The end result is that SCM can outperform ChatGPT in tasks that involve interacting, writing, and referencing hundreds of turns back in Liang and the team. They connected their SCM to a version of GPT-3 called text-davinci-003 and tested how it performed compared to ChatGPT with the same input.

byte dance

In one series of over 100 rounds of 4,000 tokens, when humans asked the machine to recall the hobbies of the person they discussed at the beginning of the session, they found that “SCM systems returned accurate responses to queries. , exhibits exceptional memory “enhanced,” they write, but “ChatGPT, by contrast, appears to be preoccupied with a substantial amount of irrelevant historical data.”

It is also possible to summarize long texts of thousands of words, such as reports. This is done by repeatedly summarizing the text. This means saving the first digest to a memory stream and combining it with the previous one to create the next one.
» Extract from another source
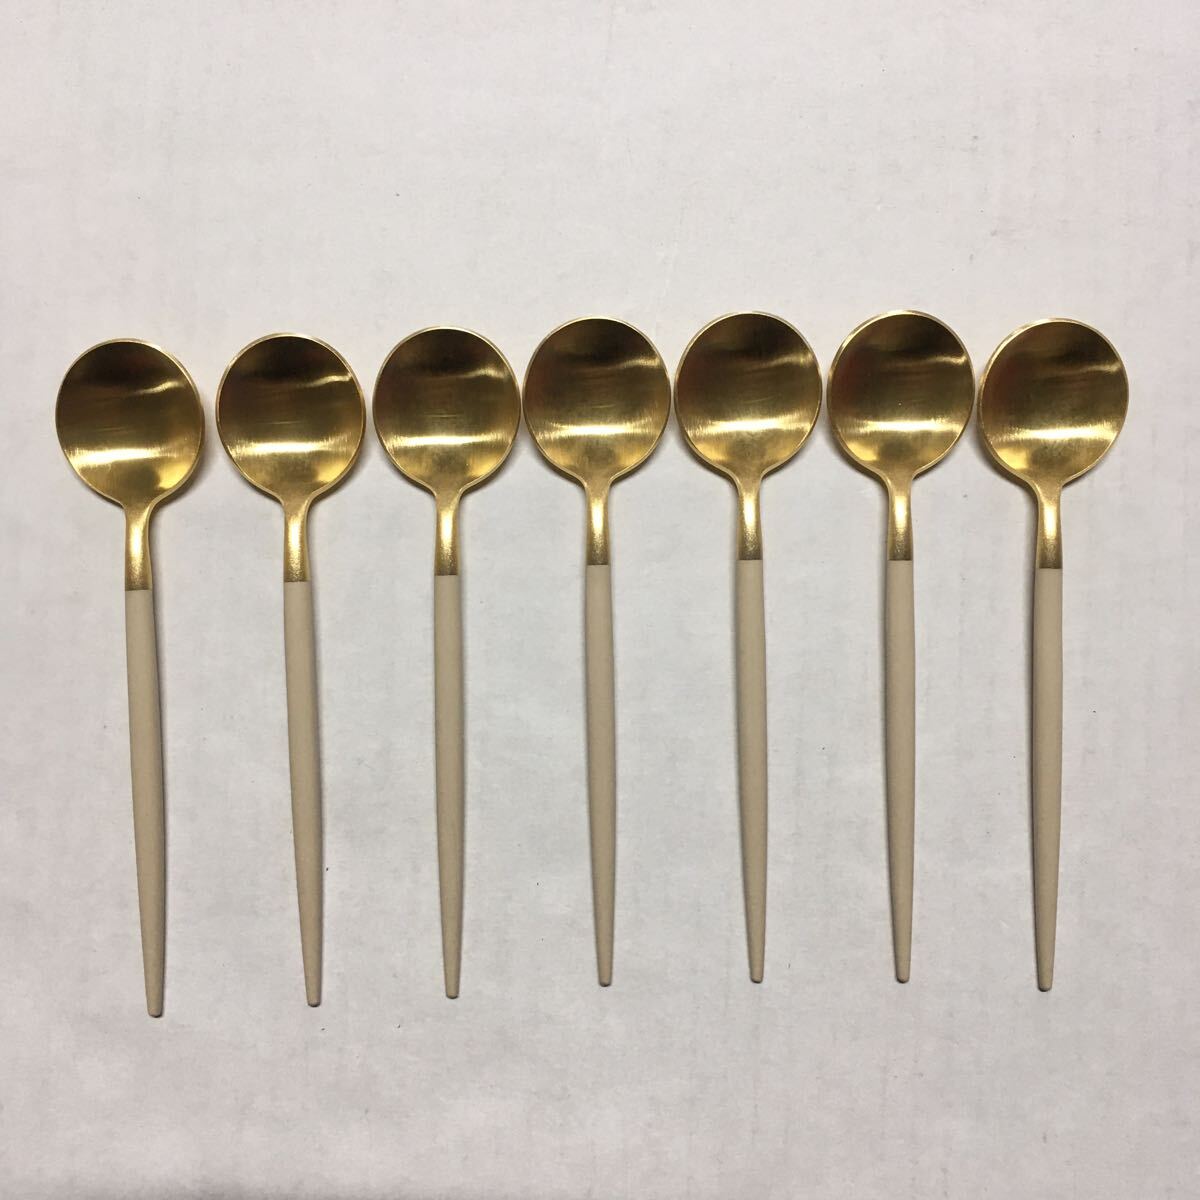 RX475 Cutipolkchi paul (pole) cutlery set goa ivory Gold spoon 7 point summarize kitchen interior unused storage goods tableware 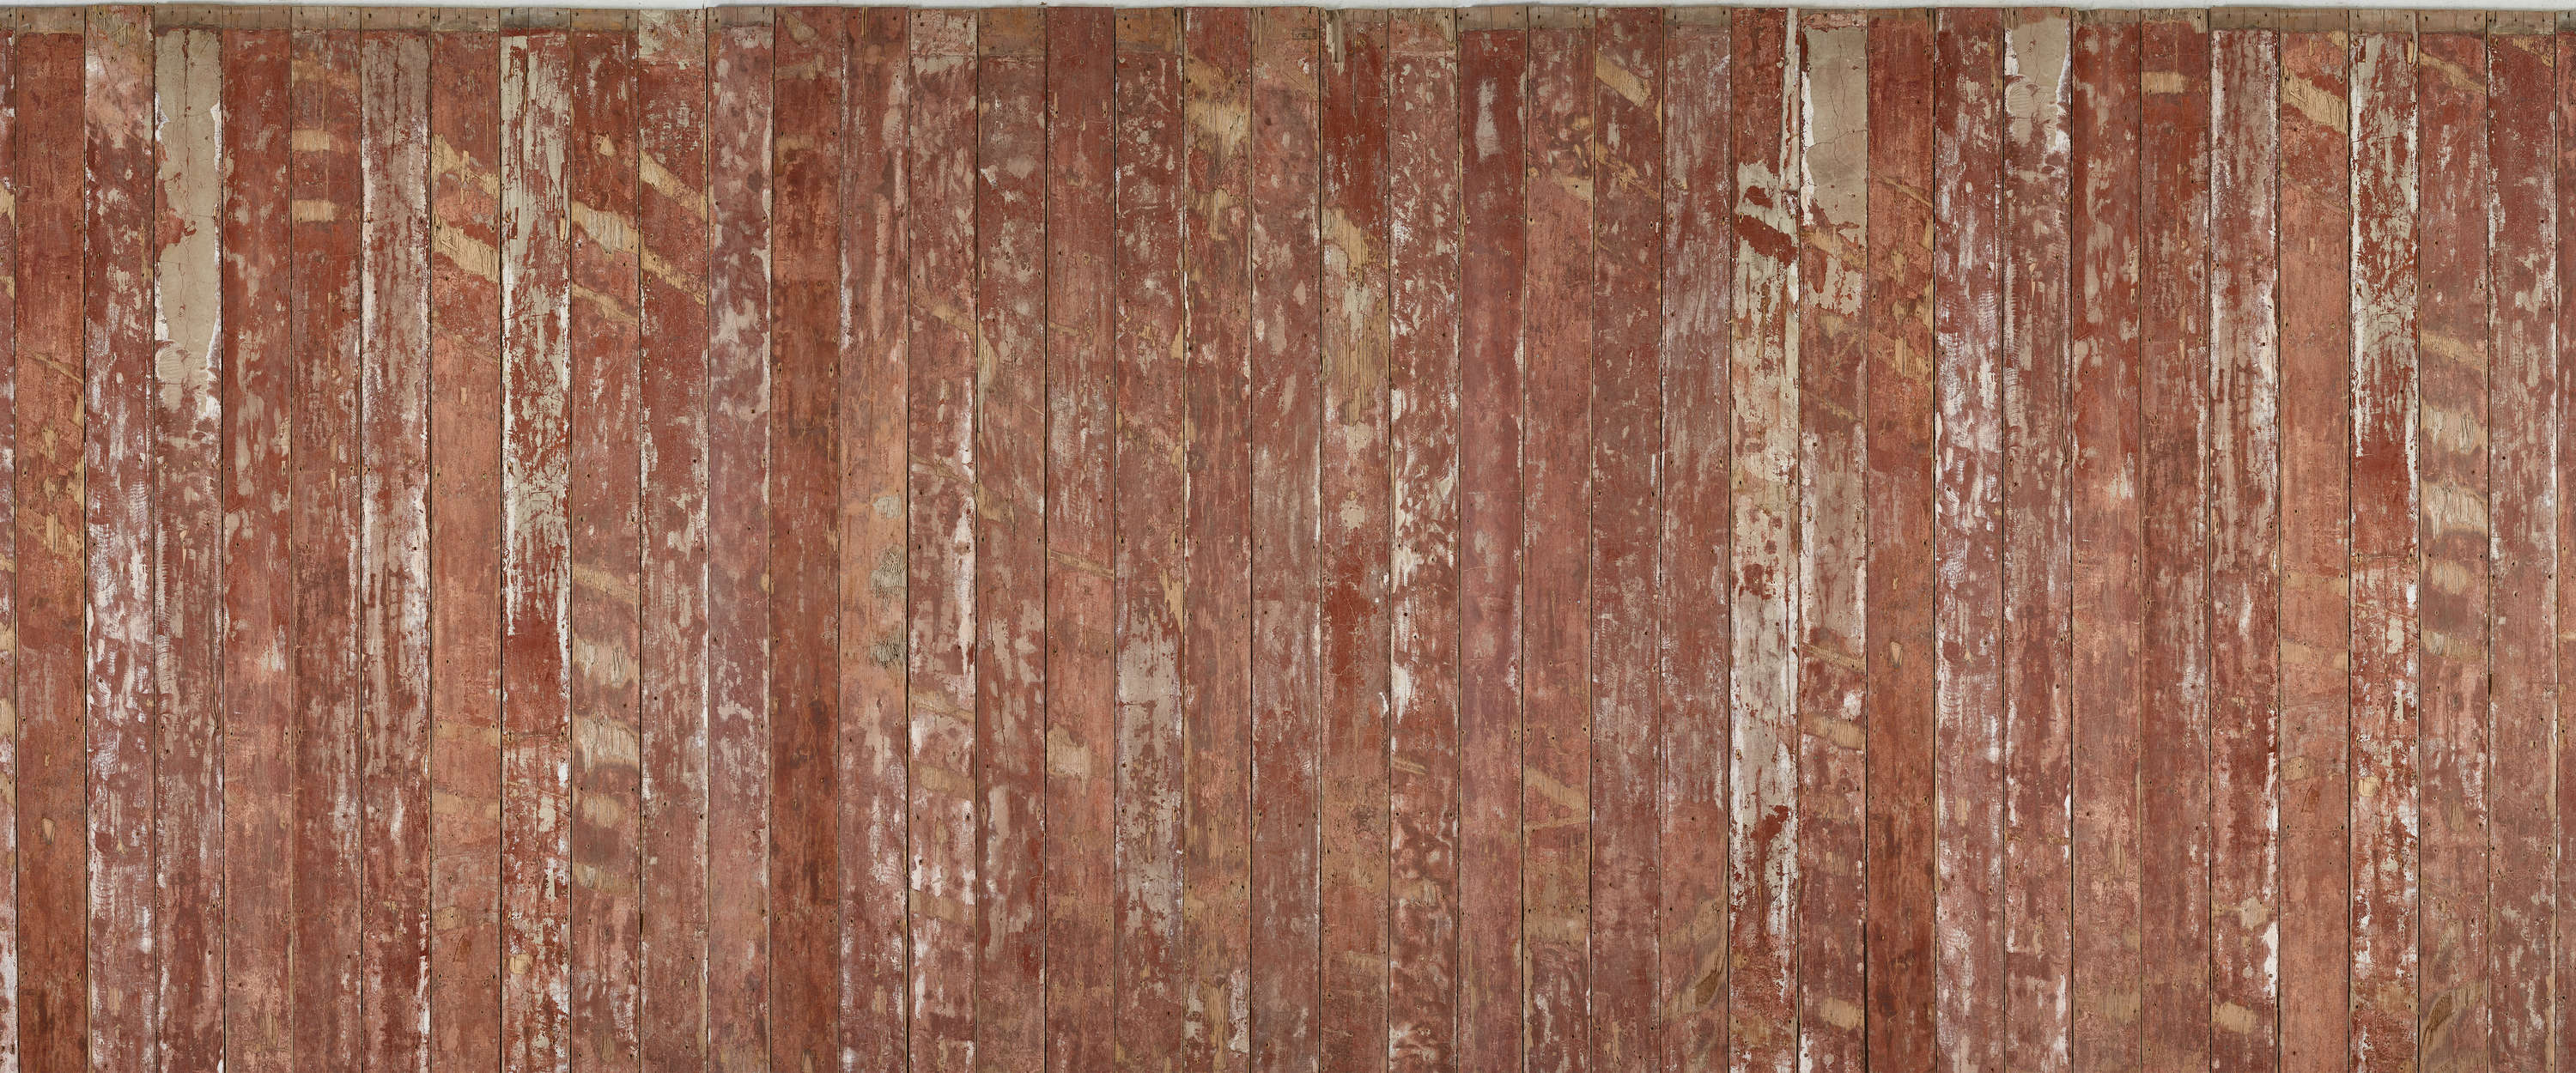             Photo wallpaper wood planks red brown wood optics in used look

SCM can also make large language models that are not chatbots behave like chatbots. “Experimental results show that our SCM system can achieve multi-turn dialogue capabilities comparable to ChatGPT for LLMs not optimized for multi-turn dialogue,” they wrote.

Both Microsoft and TikTok’s efforts can be considered extensions of the original intent of the language model. Before ChatGPT and its predecessor, Google’s Transformer, natural language tasks were often performed by something called a recurrent neural network (RNN). A recurrent neural network is a type of algorithm that can go back to previous input data and compare it with the current input.

LLMs such as Transformer and ChatGPT have replaced RNNs with a simpler approach (attention). Note always takes the past into account as it automatically compares everything entered with everything previously entered.

Therefore, Microsoft and TikTok’s research efforts simply extend attention, using algorithms explicitly crafted to recall elements of the past in a more organized manner.

Adding more memory is a very basic tweak and will likely become a standard aspect of large language models in the future, allowing programs to connect to past content such as chat histories, or to address issues. Things that can be dealt with or dealt with become much more common. The full text of a very long piece.